Federal minister stops big project -- Bald Hills 104 MW on hold

A storm over wind station permitting is brewing after the federal government brought development of a 104 MW project at Bald Hills in South Gippsland, Victoria, to a halt -- despite the state government having given the plant full permission to proceed a month earlier (Windpower Monthly, October 2004).

Federal environment minister Ian Campbell is demanding more information on the economic, social and environmental impacts of the 35 kilometre transmission line planned to take power from the wind farm to the grid. "This is a procedural issue," says Campbell. "The assessment by the Victorian government was lacking in a couple of areas."

His decision follows fierce criticism about the project's approval, led by Peter Ryan, leader of Victoria's National Party. Claiming local community concerns have until now been ignored, Ryan has gone as far as to call for a 12 month moratorium on new wind farms until clearer planning guidelines are established. "The Victorian planning guidelines are gendering uncertainty, which is the worst conceivable scenario for business development," he says, calling on the wind industry to "take charge of this fiasco."

environmental act

Campbell, it seems, agrees up to a point, suggesting, that the project's potential influence on the area's bird life needs further investigation. In stopping the project, he is making use of his powers under the Commonwealth Environmental Protections and Biodiversity Conservation Act 1999. Under this Act, he can call a project in for further investigation and reject it if it is seen to have significant impact on "matters of national environmental significance." It makes specific reference to consideration of threatened bird species and listed migratory species. The act it is rarely used, with only two of 1232 applications rejected in its name since it came into effect.

"The federal government is very keen on renewables but there are concerns that planning is being taken out of the hands of local councils," Campbell says. "The application process will need to thoroughly address all concerns that have been raised about the project. There has been hypocrisy on the part of the Victorian government. They would allow wind farms to the east of Port Philip Bay but not on the Great Ocean Road. The ball is in their court."

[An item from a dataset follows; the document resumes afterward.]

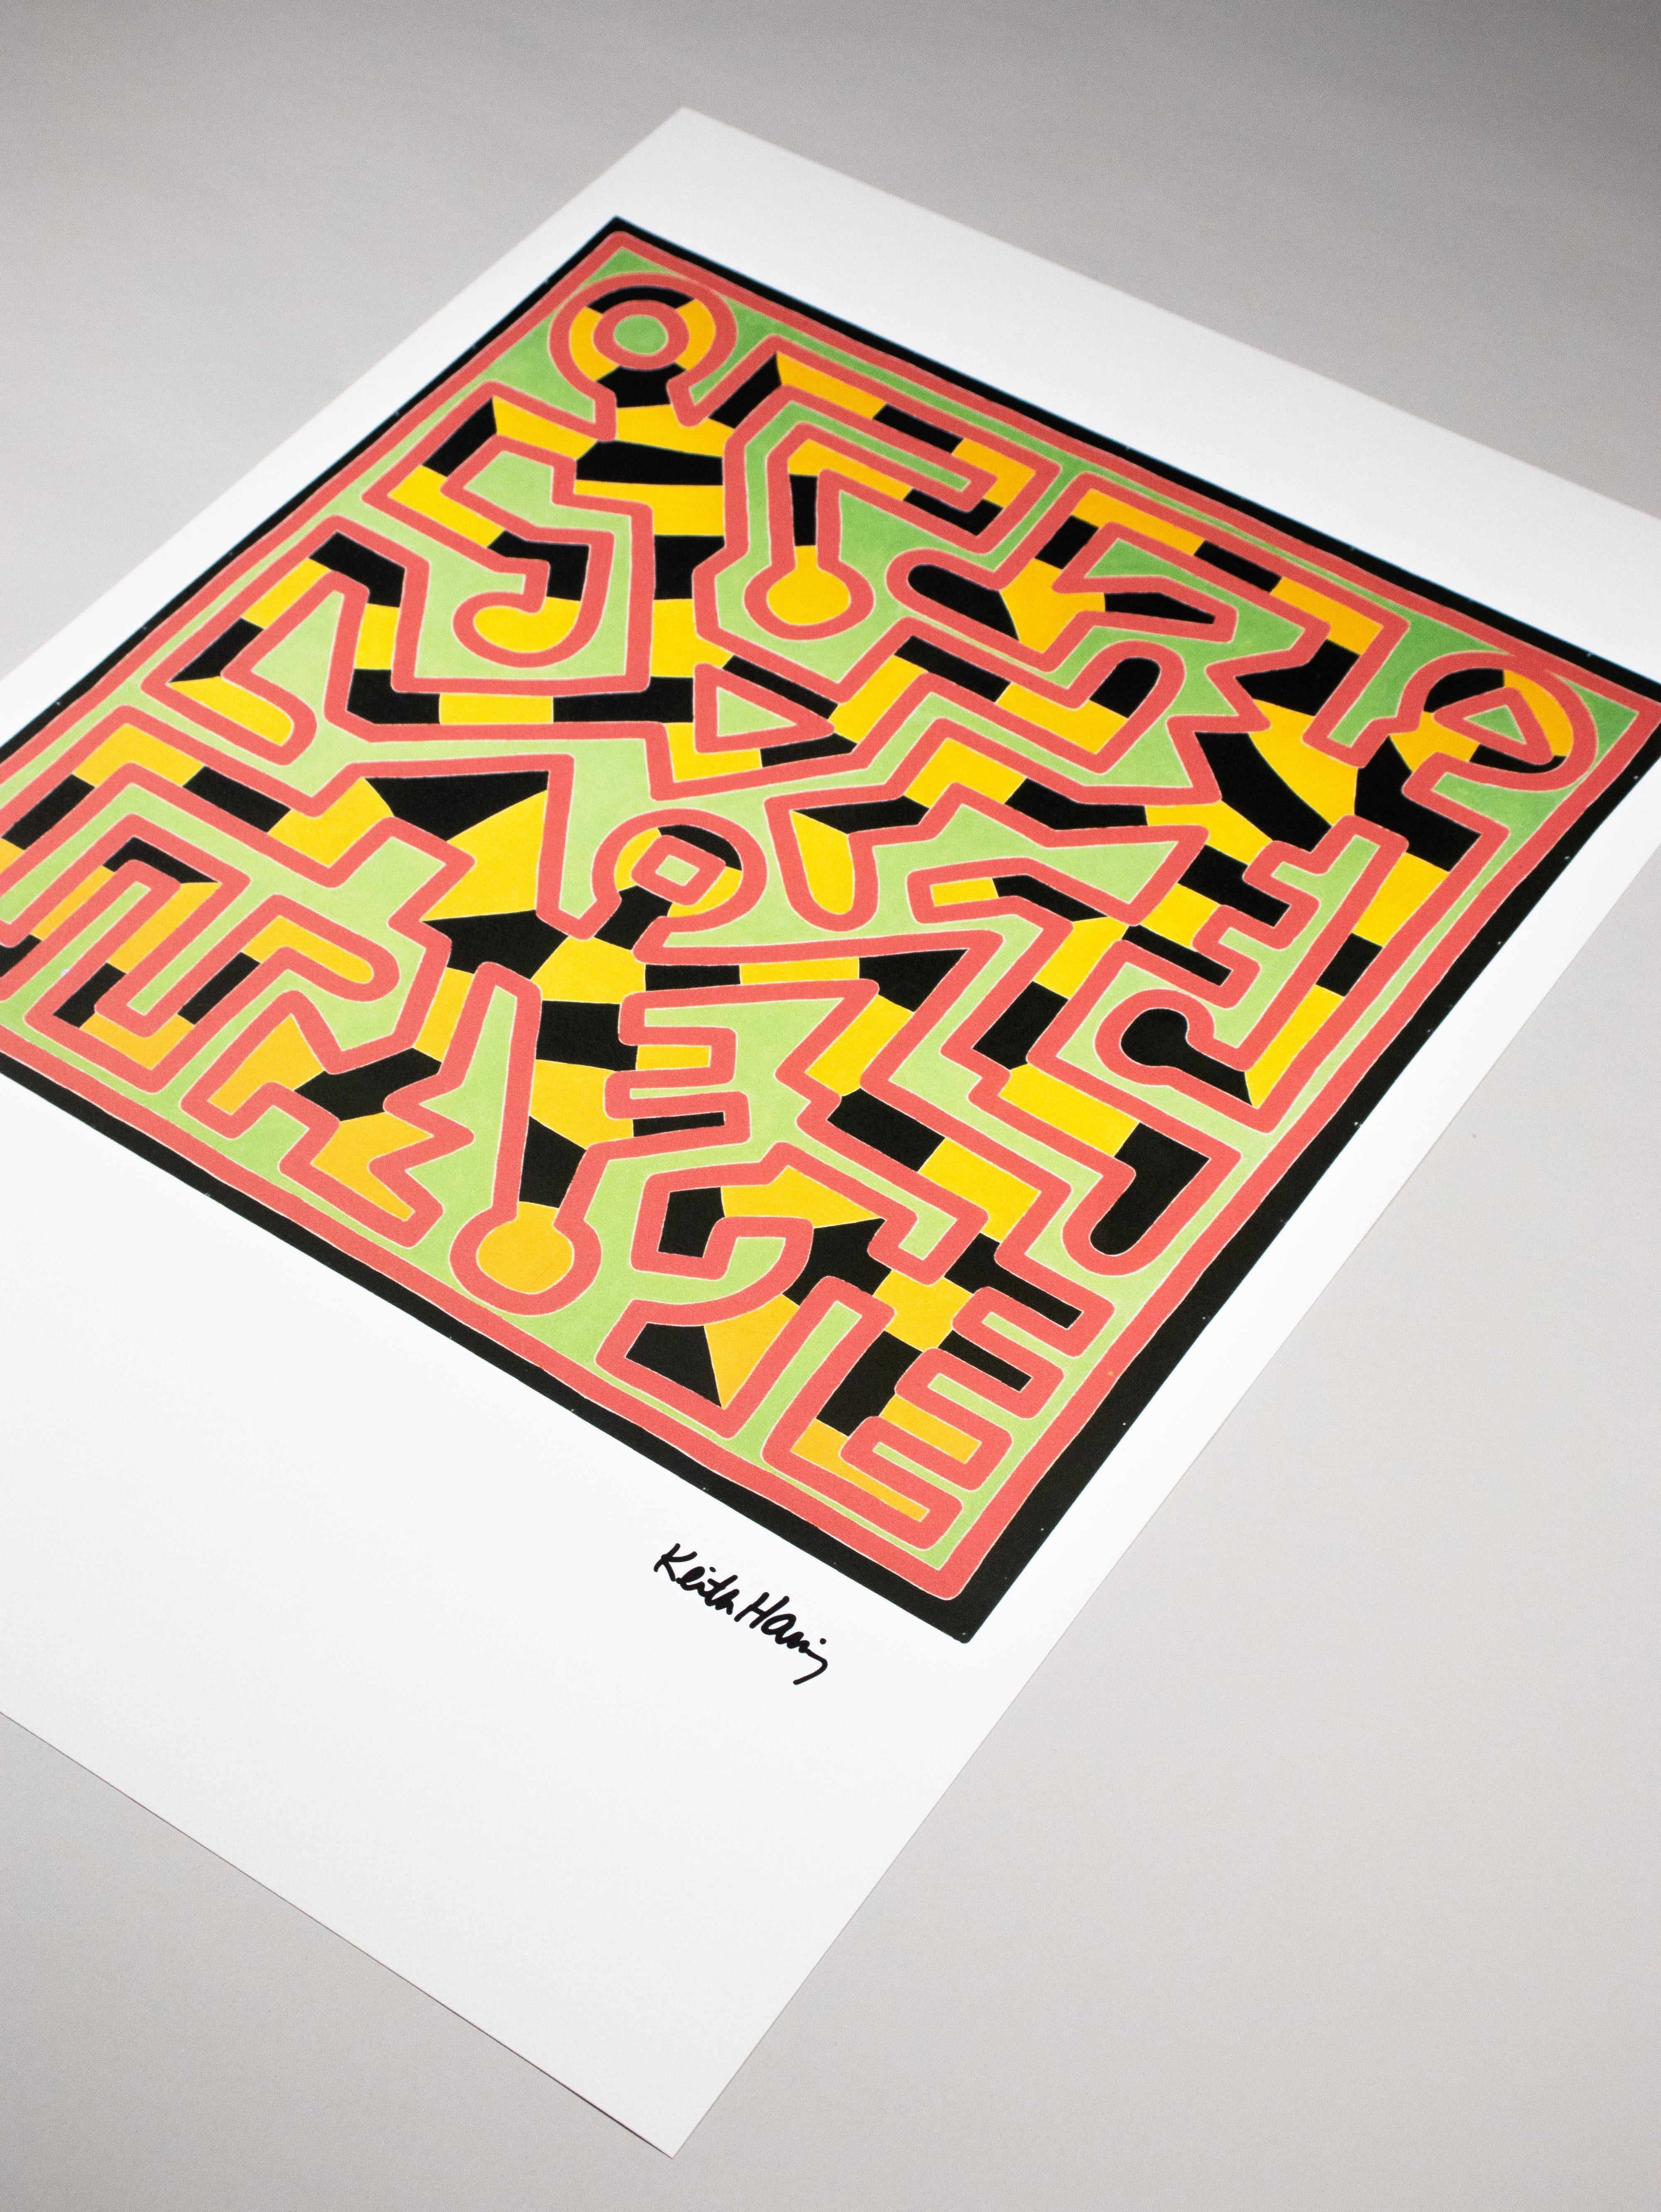 Lithographie – limitierte Auflage 15/150 Exemplare – Keith Haring Foundation Inc. im Angebot 6

Hitting back, Victoria's officials accuse Campbell of political point scoring. "I am puzzled why the federal government has intervened," says state energy minister Theo Theophanous. "It is political point scoring...this action has the potential to kill the wind energy industry if taken seriously." He adds: "The biggest threat to Gippsland comes from global warming, not wind farms. We have to take responsibility for greenhouse emissions."

Victorian prime minister Steve Bracks points out the project has already undergone two environmental effects statements. "He's probably a little inexperienced. I don't think he's been there that long," says Bracks. "I'd recommend he read the federal act and examine the requirements."

In approving Bald Hills, planning minister Mary Delahunty stressed she was satisfied with a report on the potential impacts on birds. Commissioned by the project's developer, Wind Power, the report notes threatened species have not been observed in the area and there is unlikely to be significant impact on species protected under federal legislation.

While state officials are reacting with anger, Wind Power's Stephen Buckle remains undeterred, suggesting the request for further information is a standard part of the approval process. "Wind Power will continue to comply with the statutory process and respond to the request for information," he says.